WORK INSTRUCTION | Here the job is to retype the data word for word while leaving the pictures aside.

DATA PROVIDED |
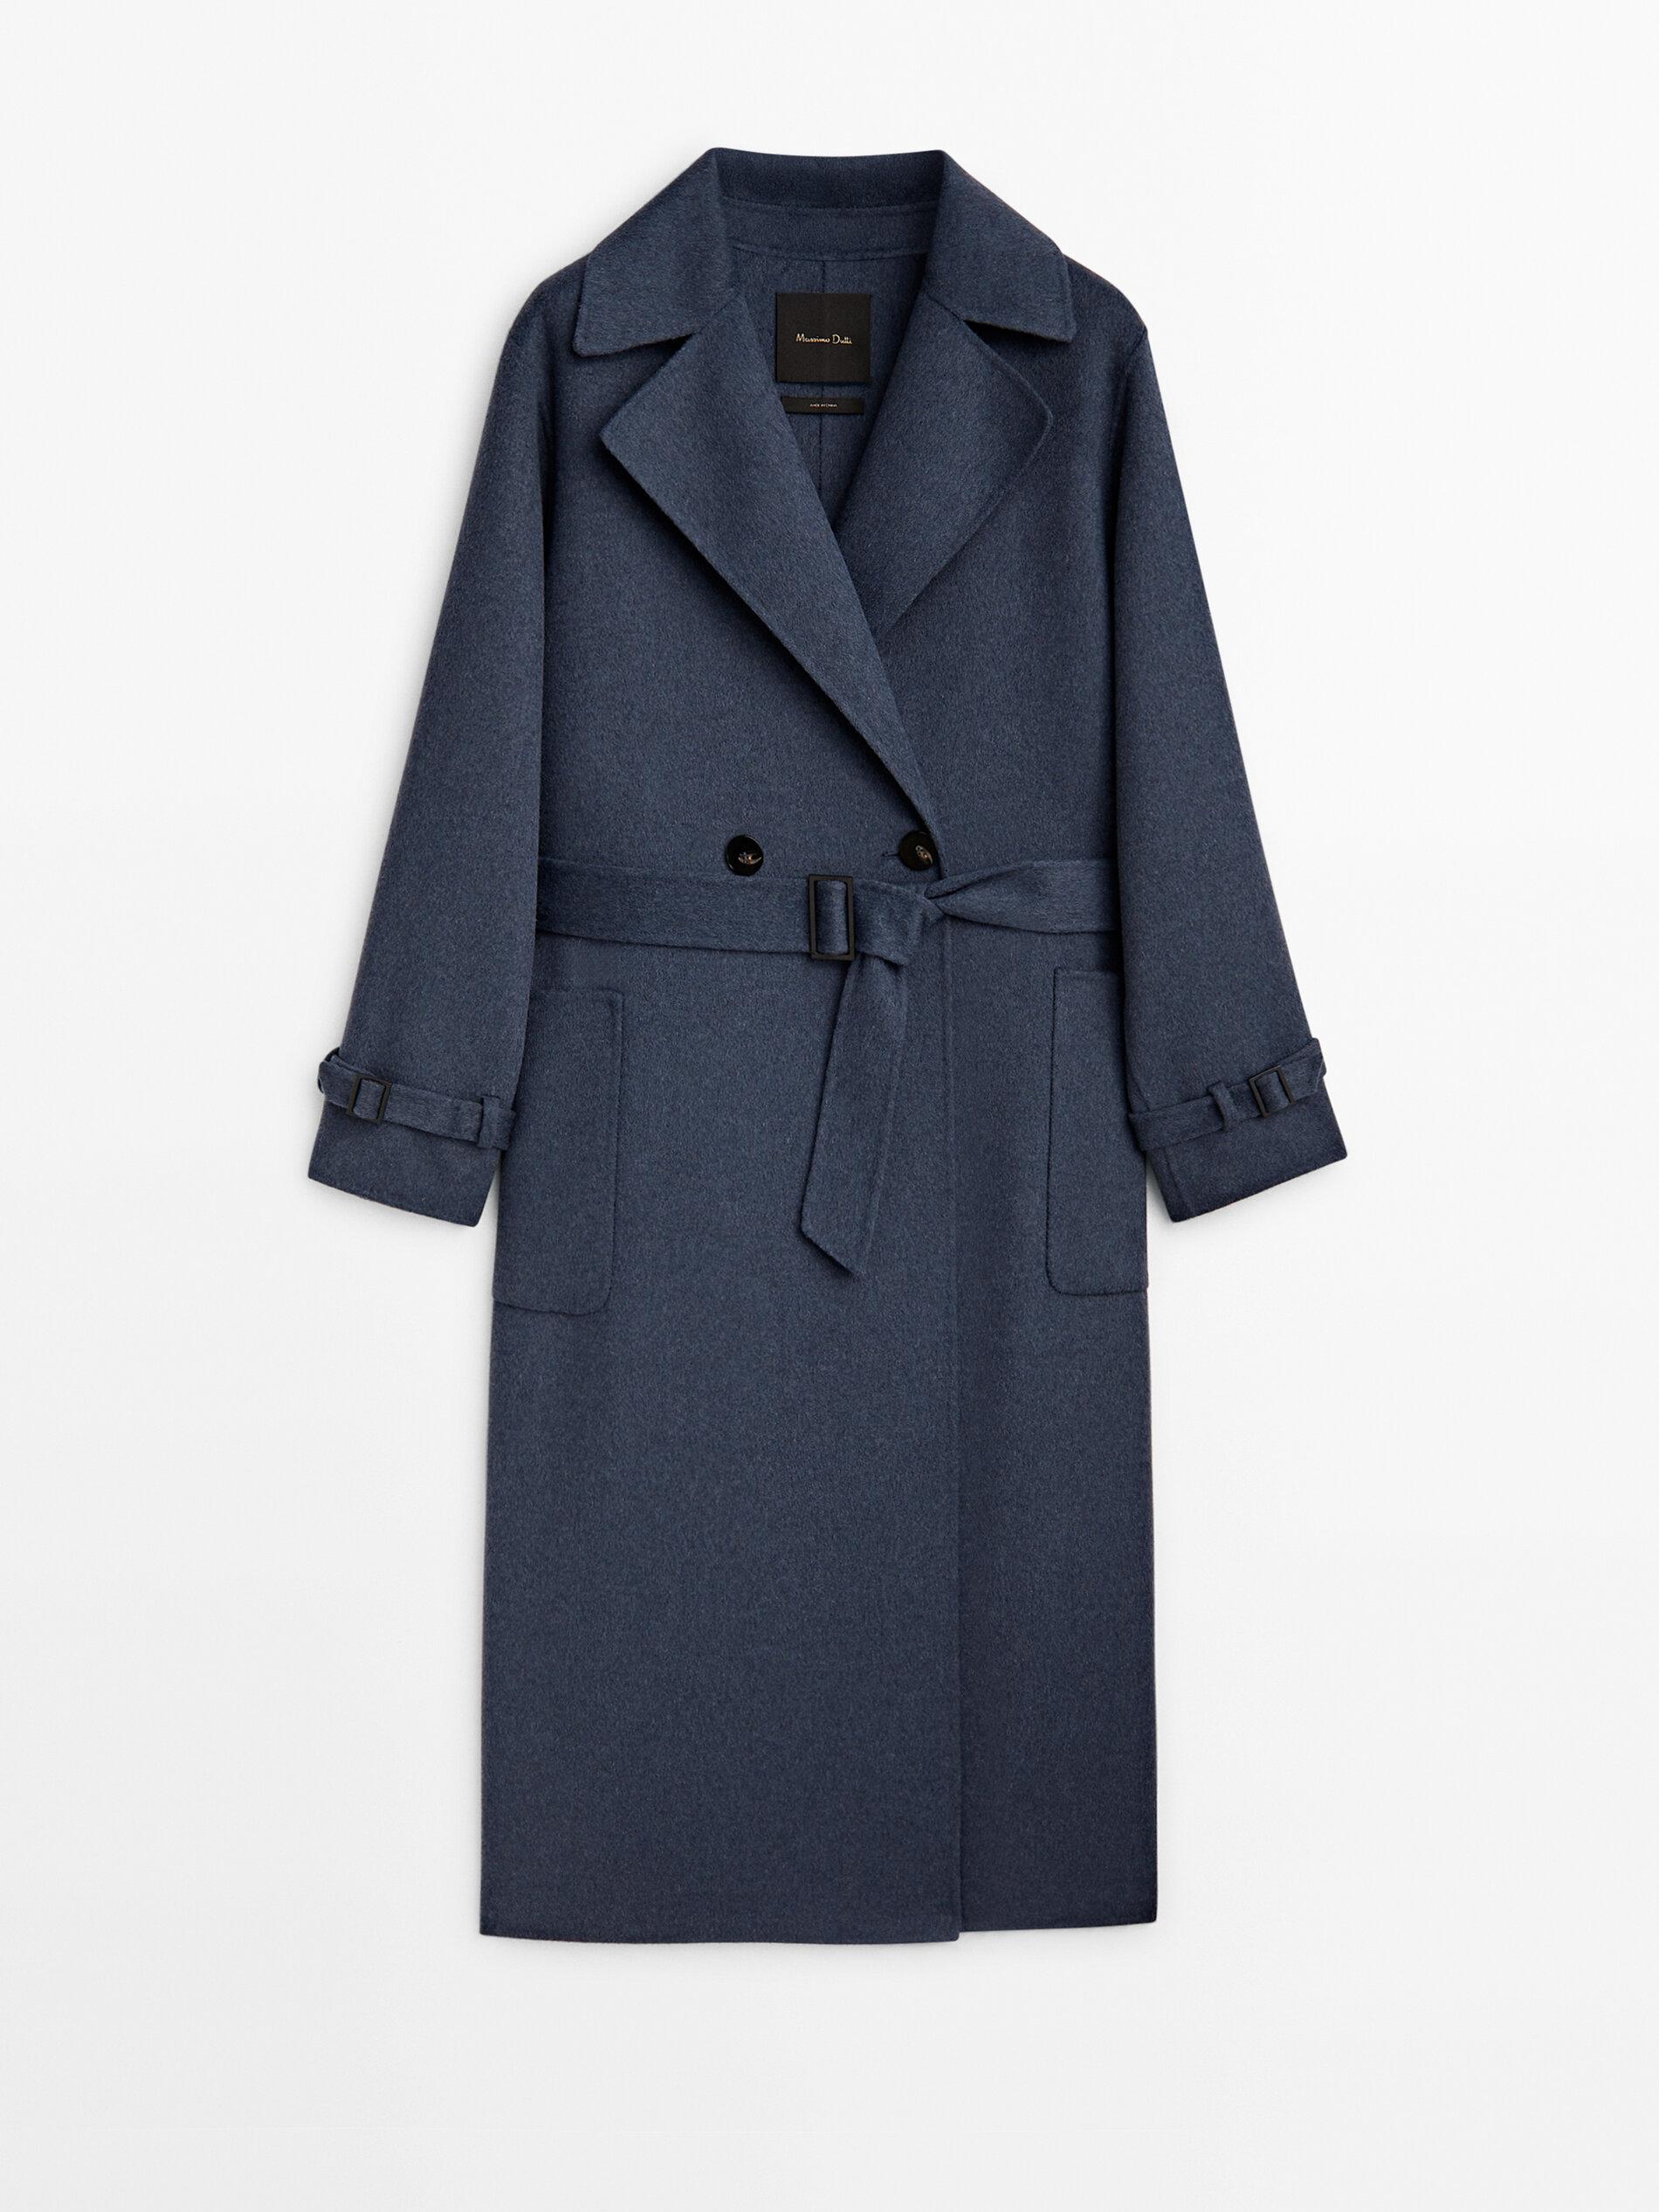 MASSIMO DUTTI Double-Buttoned Wool Blend Robe Coat in Blue | Lyst
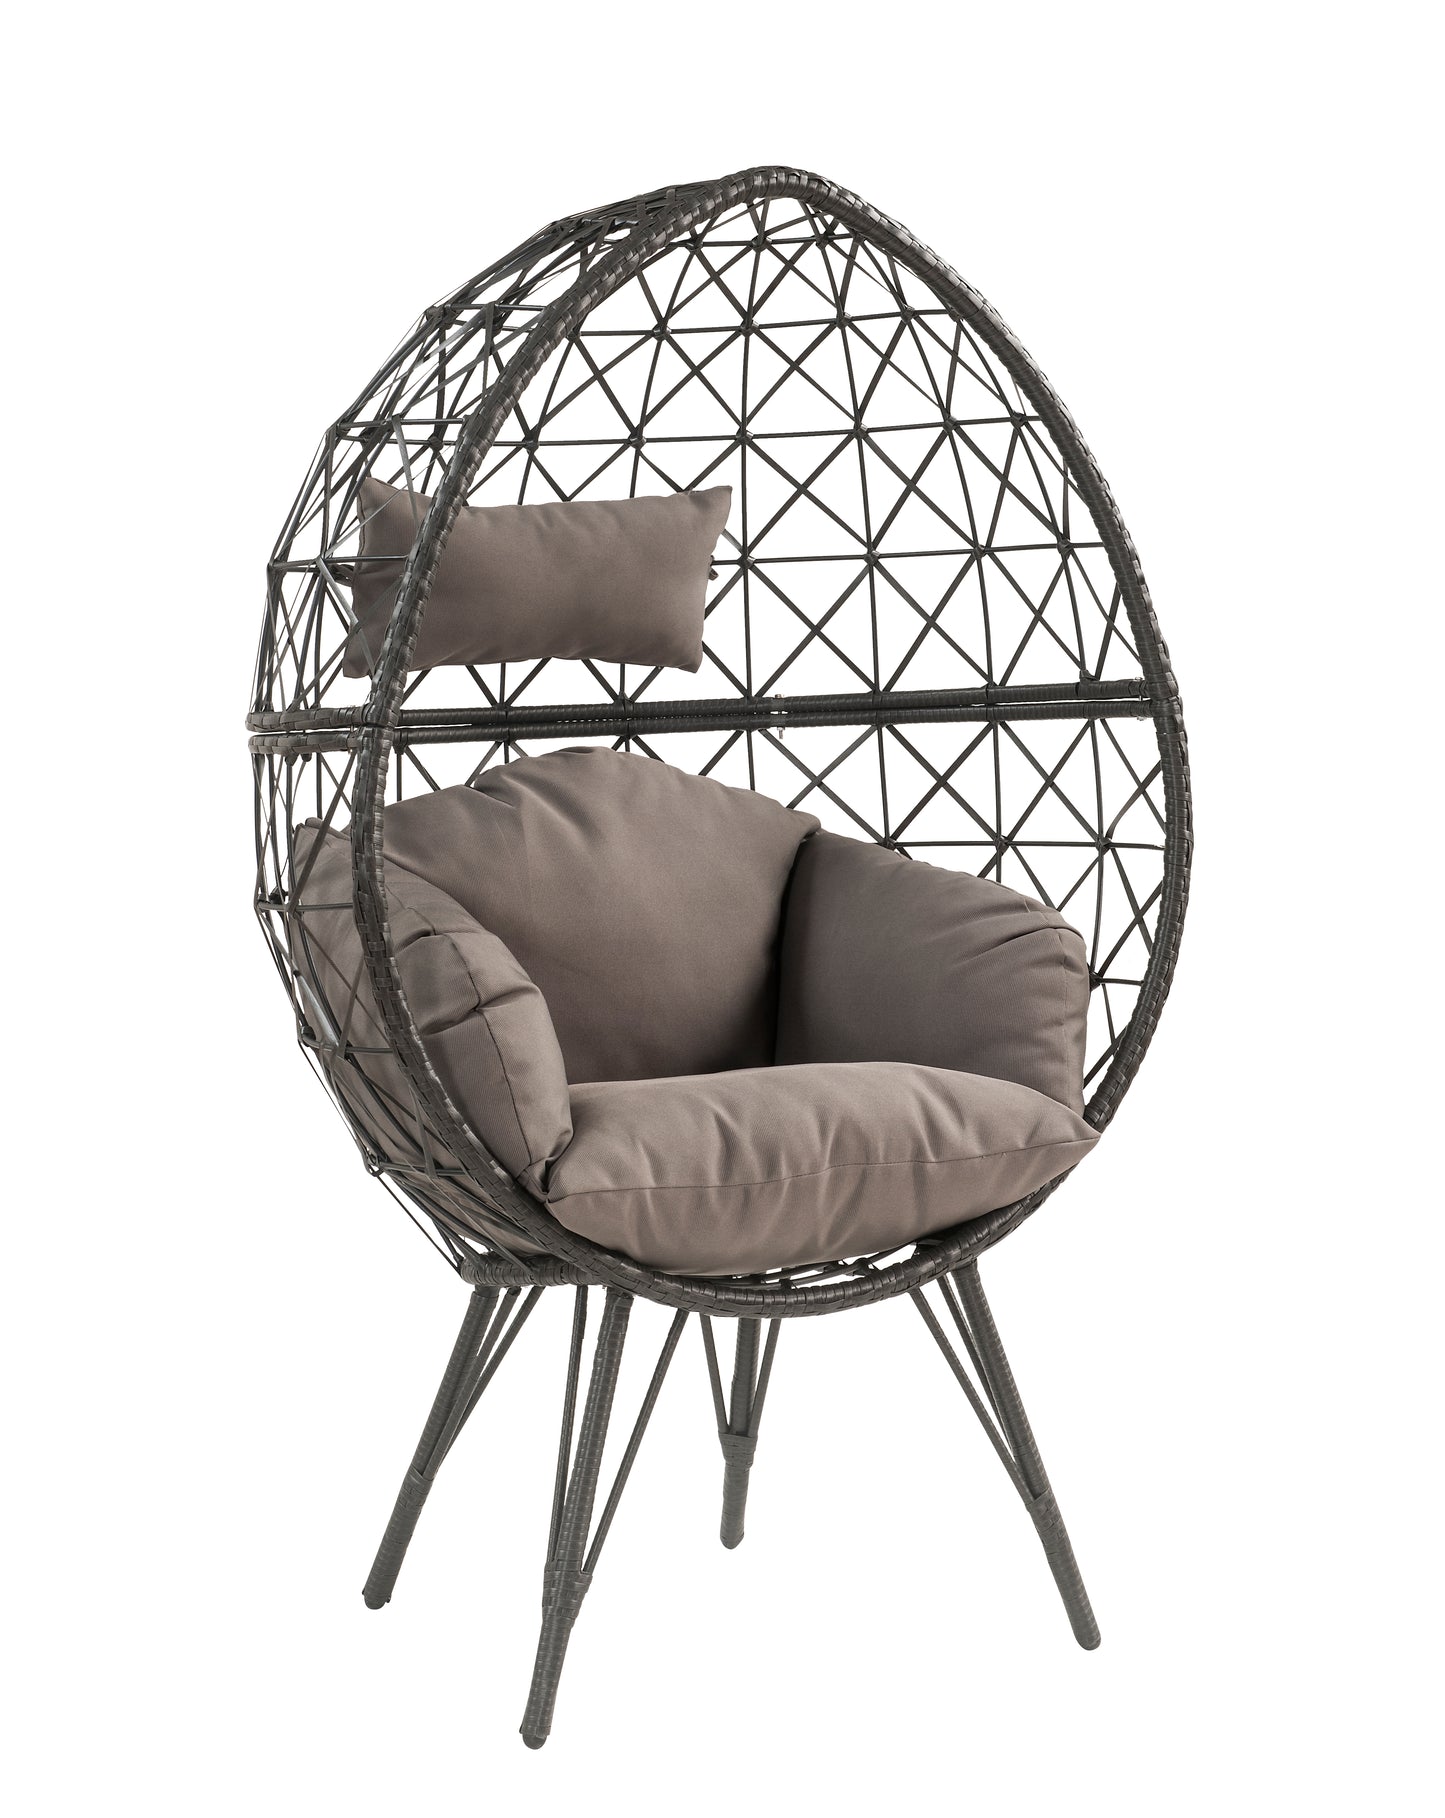 Aeven Lounge Chair
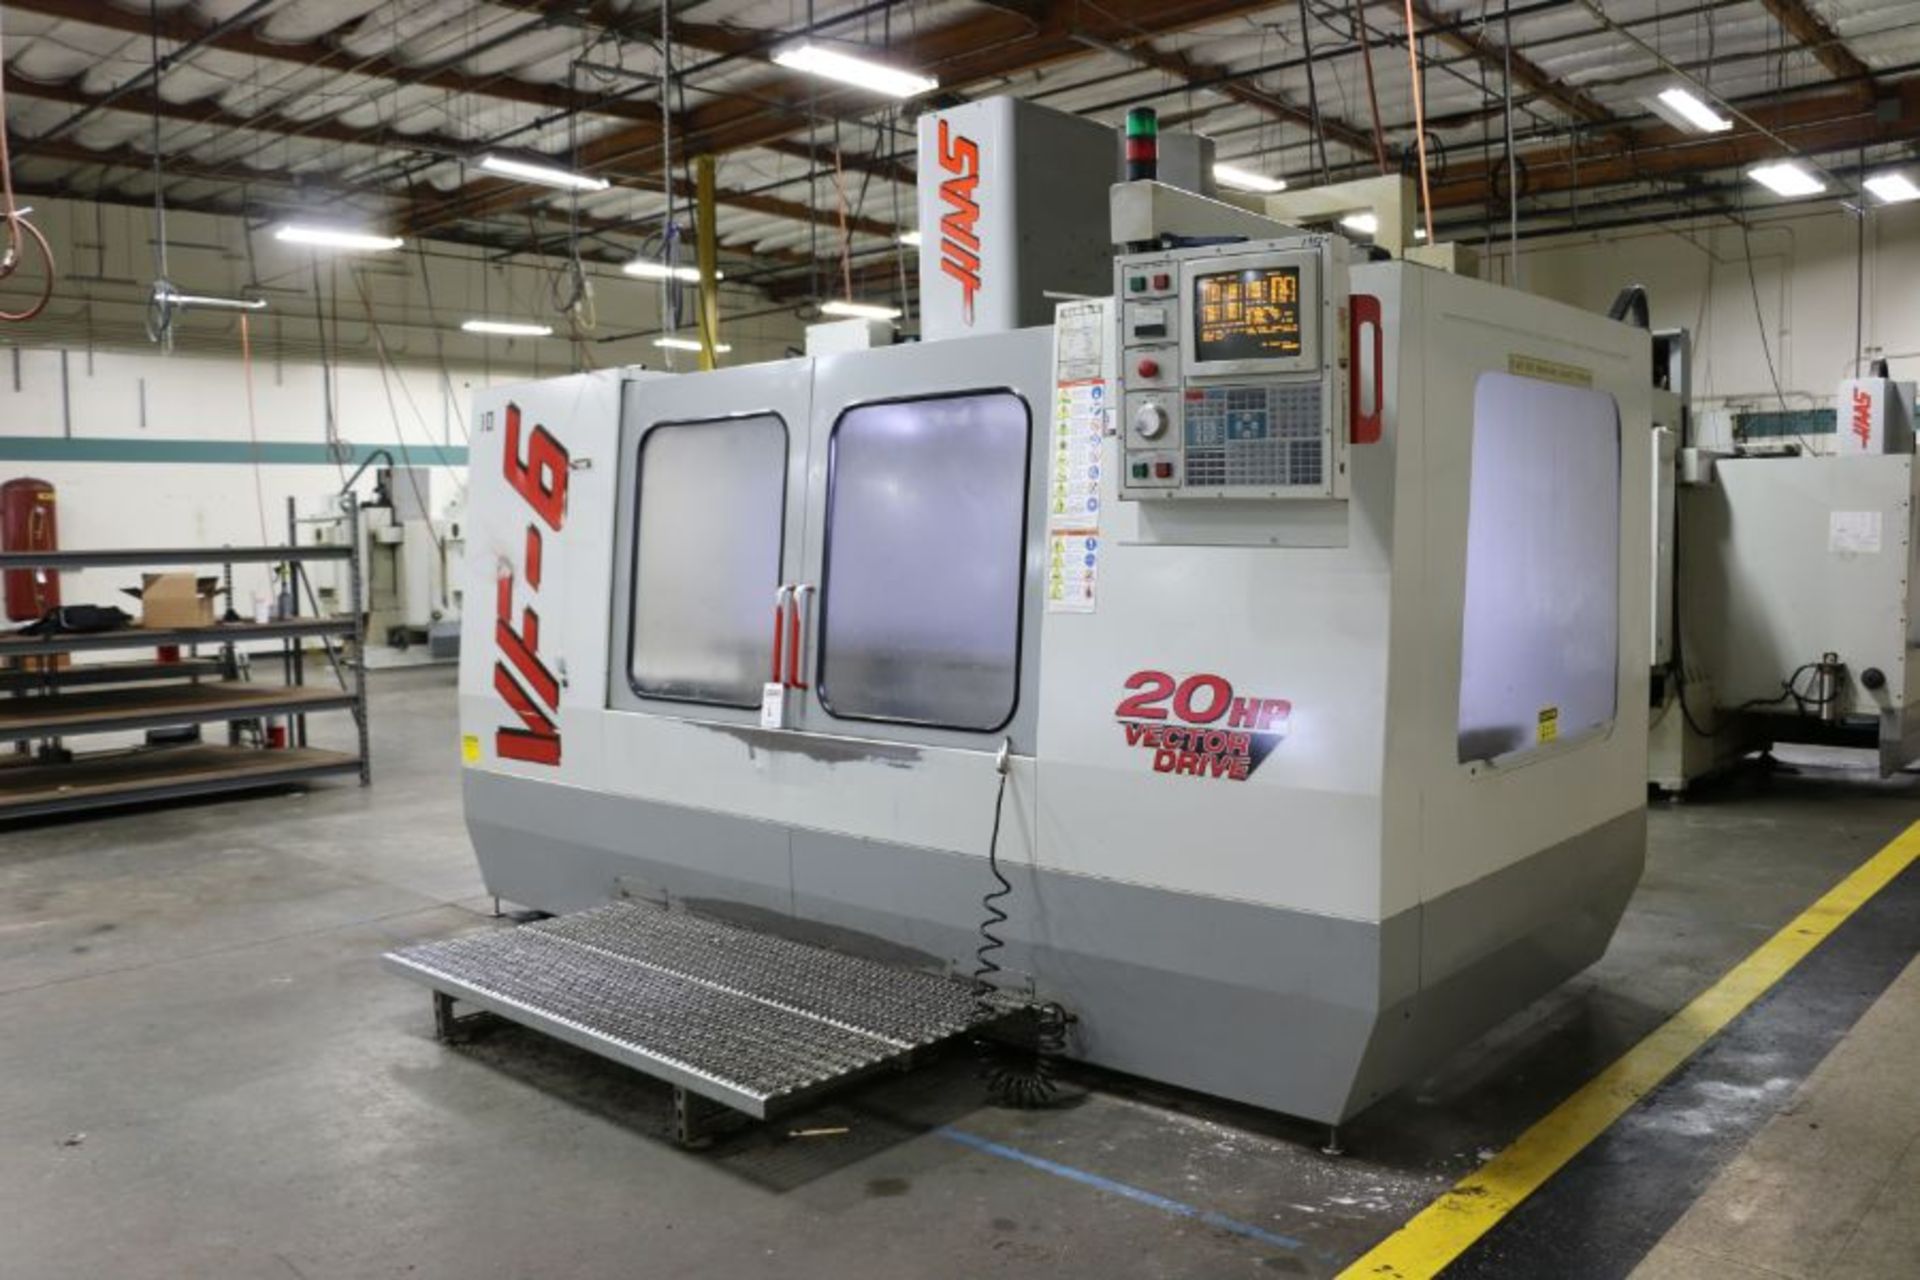 Haas VF-6, 64” x 32” x 30” Travels, 20 Position Tool Carousel, CTS, CT-40 Taper, s/n 12997, New 1998 - Image 2 of 12

RESPONSE TO THIS TASK |
 MASSIMO DUTTI Double-Buttoned Wool Blend Robe Coat in Blue | Lyst
 Aeven Lounge Chair
 Haas VF-6, 64” x 32” x 30” Travels, 20 Position Tool Carousel, CTS, CT-40 Taper, s/n 12997, New 1998 - Image 2 of 12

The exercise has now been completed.